The application for the Mad Hatter well, a "frack job (pdf)" for Strachan Exploration Inc. of Englewood, Colo., was denied (pdf) last month because it failed to list the ingredients of compounds for which Halliburton had not yet received trade secret protection.
The Wyoming Oil and Gas Conservation Commission website lists 16 approvals for trade secret protection, some for single products and some for long lists of compounds.
Halliburton has gotten five fracturing products shielded. BJ Services won trade secret status for 36 products, including fracturing sand.
Their requests are public record, and their reasoning points to the importance of fracturing chemicals, even though they amount to a tiny fraction of the total volume of what is injected.
ChemEOR Inc., a Los Angeles-based oilfield chemical company, told Wyoming regulators it spent more than $400,000 directly on research and development of a product called InFlo 250 W. Halliburton said it spent "tens of millions of dollars" researching new fracturing fluids during the past five years. The company said that public disclosure of its proprietary formulas could cost it $375 million.
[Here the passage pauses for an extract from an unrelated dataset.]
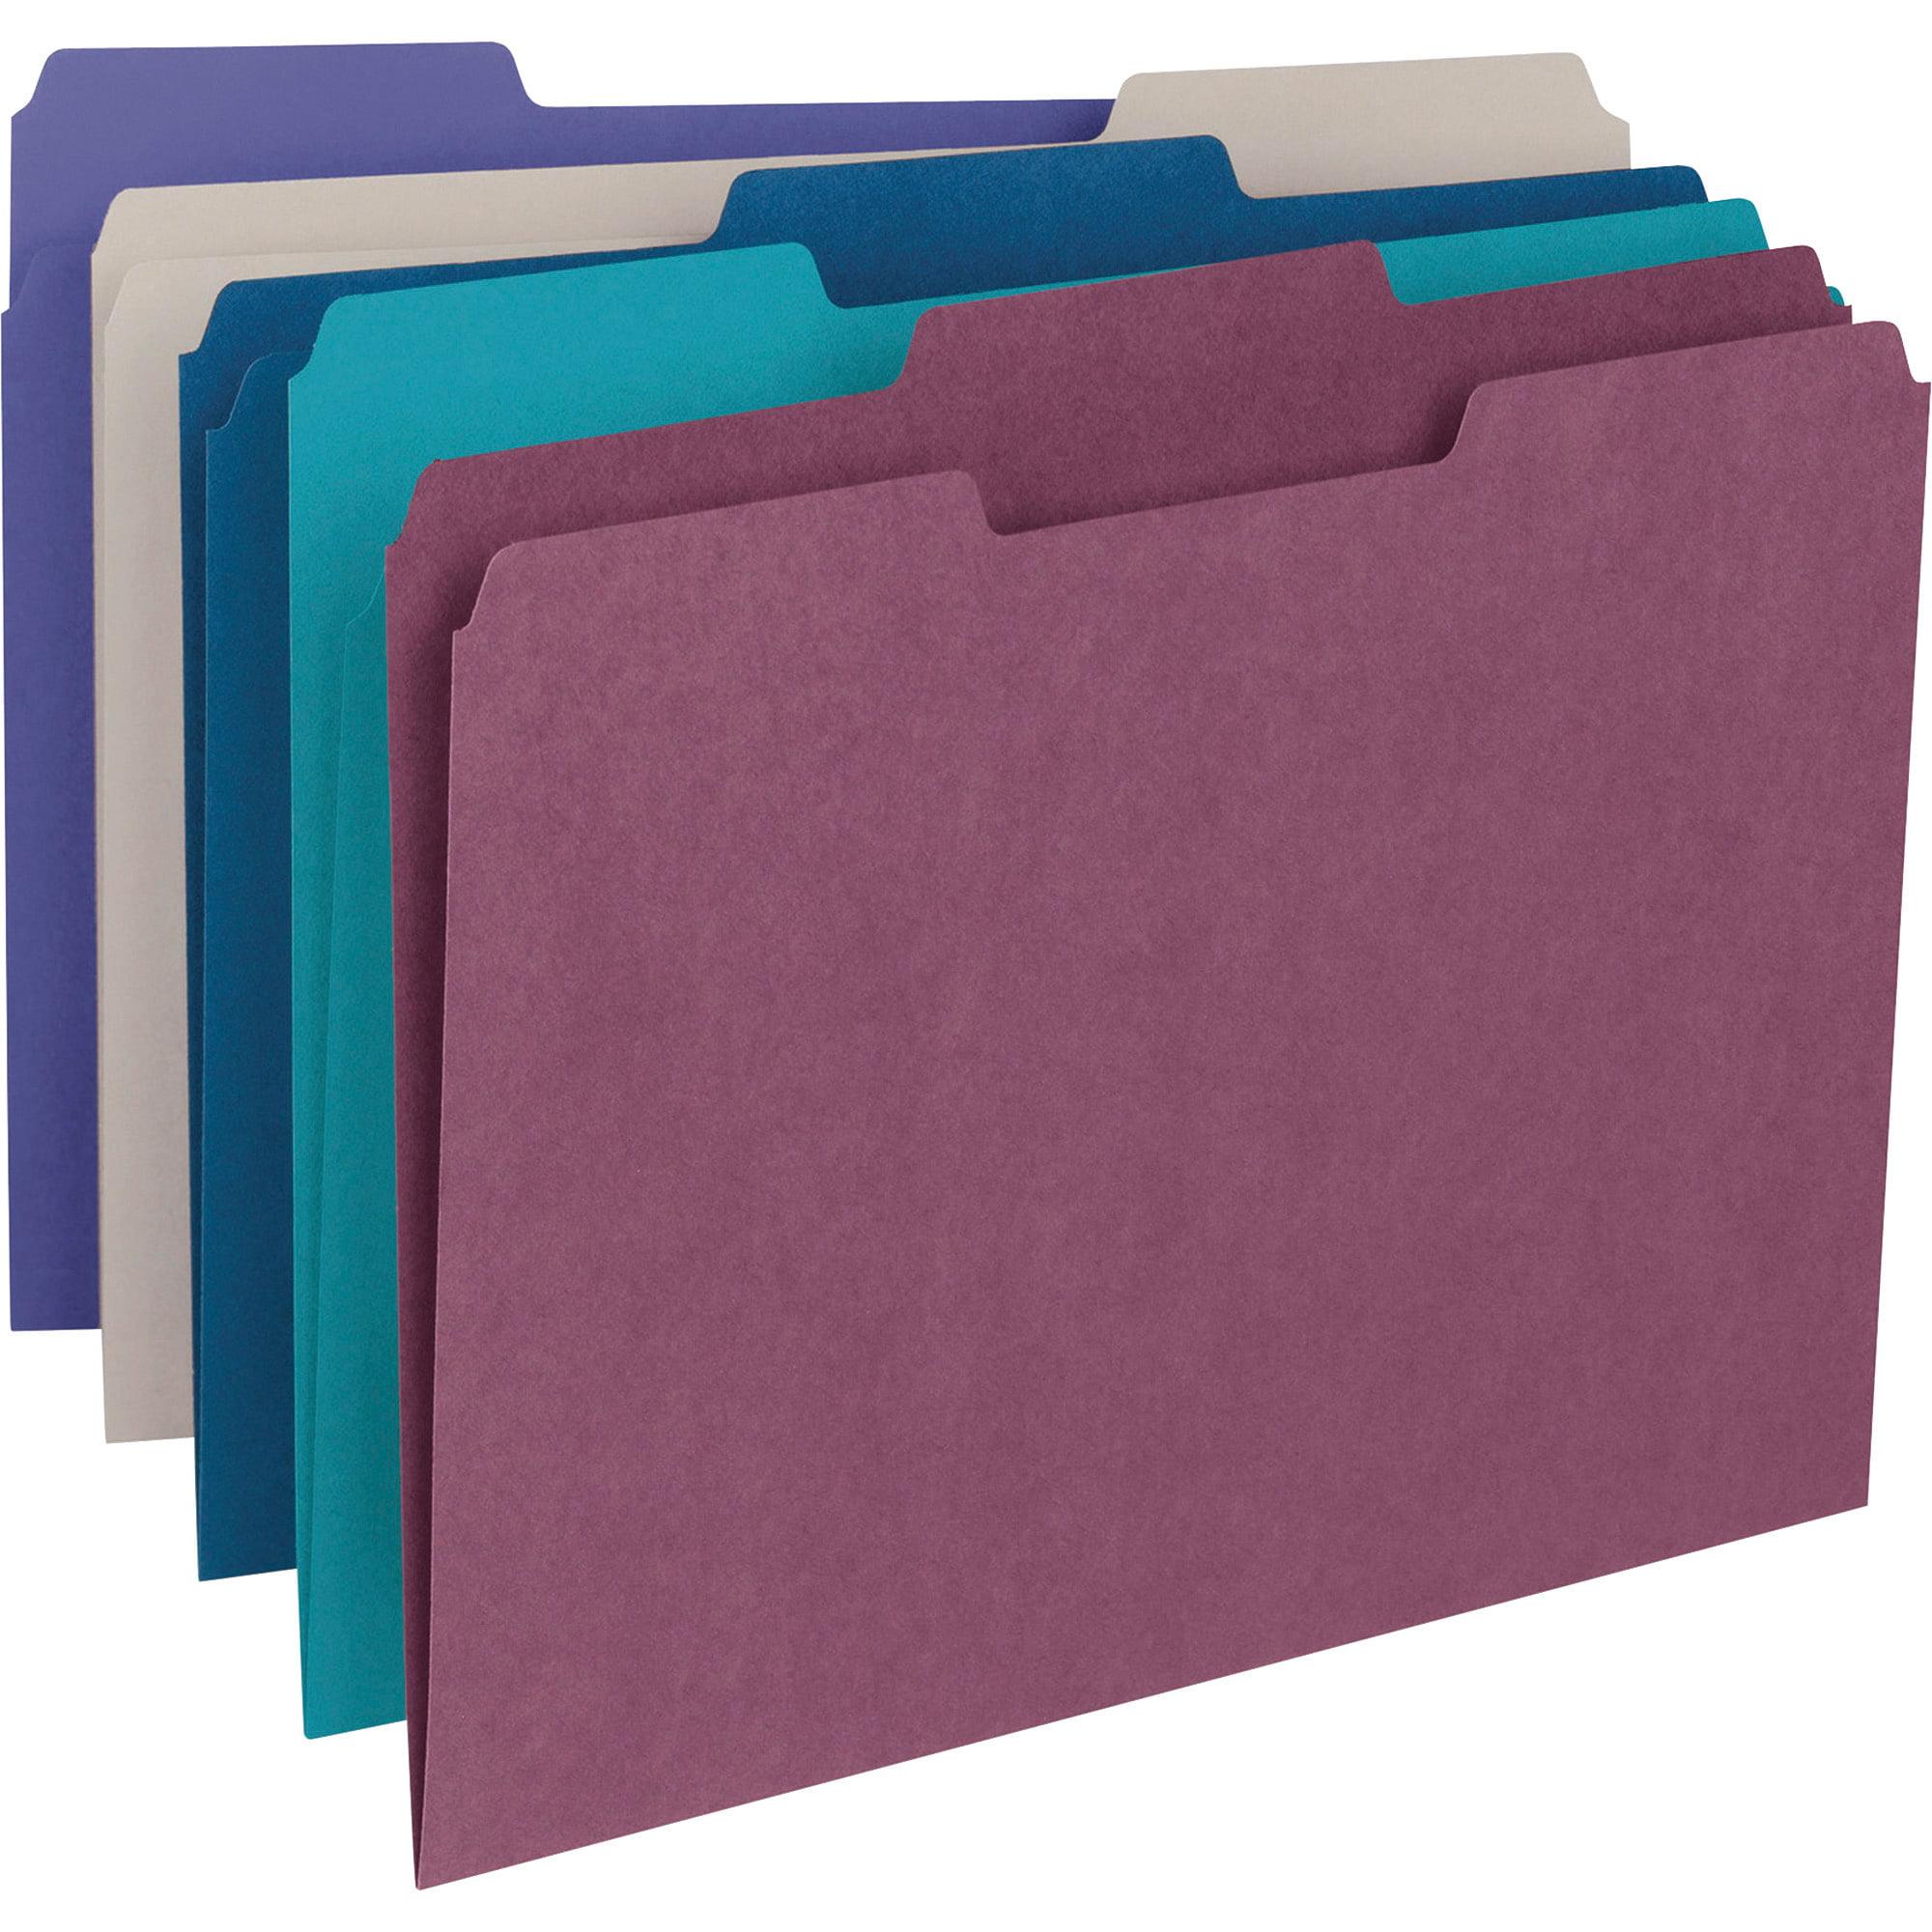 Red 1//3-Cut Tab 100 per Box 12743 Letter Size Smead File Folder
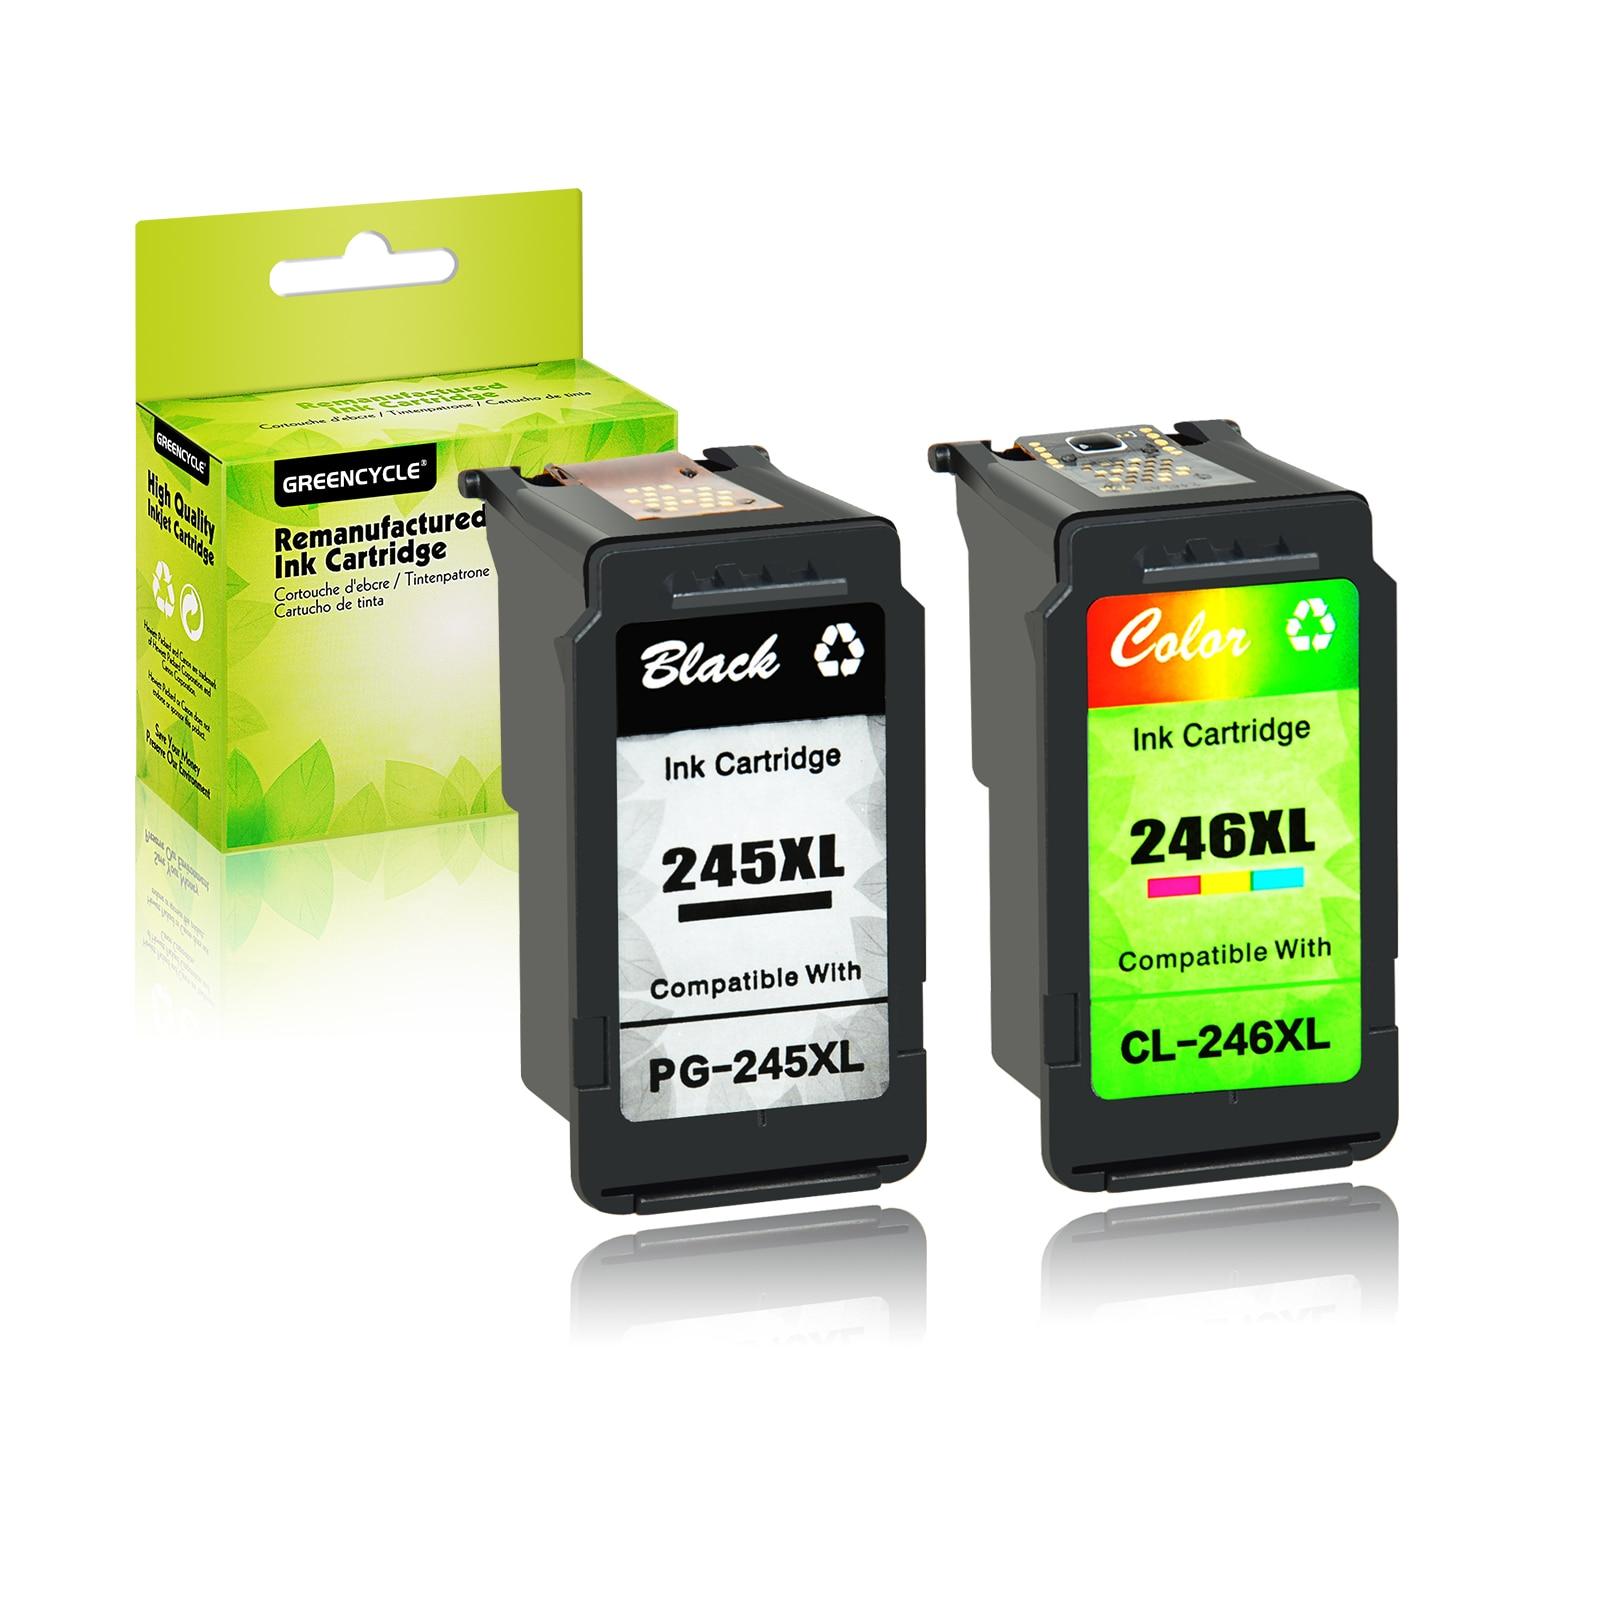 PG-245XL черный CL-246XL цветной чернильный картридж для Canon PIXMA TS3122 iP2820 MG2420 MG2520 MG2920 MG2522 MG2550 MX492 MX490 MX495

Halliburton also argues that public disclosure of the chemicals in the compound would discourage research into fracturing fluids that reduce damage to the environment.
Wyoming regulators gave trade secret protection to many products that are toxic, which could keep raising questions about the value of secrecy. An MSDS sheet (pdf) on file with Ohio regulators, shows that ChemEOR's Inflo 250 W contains toxic methanol and 2-Butoxyethanol, a fracturing ingredient cited in several contamination allegations, and other hazardous components.
In several cases, Wyoming regulators granted trade secret status to compounds used by Halliburton and BJ Services but stated that they "are not approved for use in groundwater." That generally means they include some form of hydrocarbon, such as a petroleum distillate.
"The thing about trade secret protection," NRDC's Mall said, "is that it's only going to work if the public thinks its credible."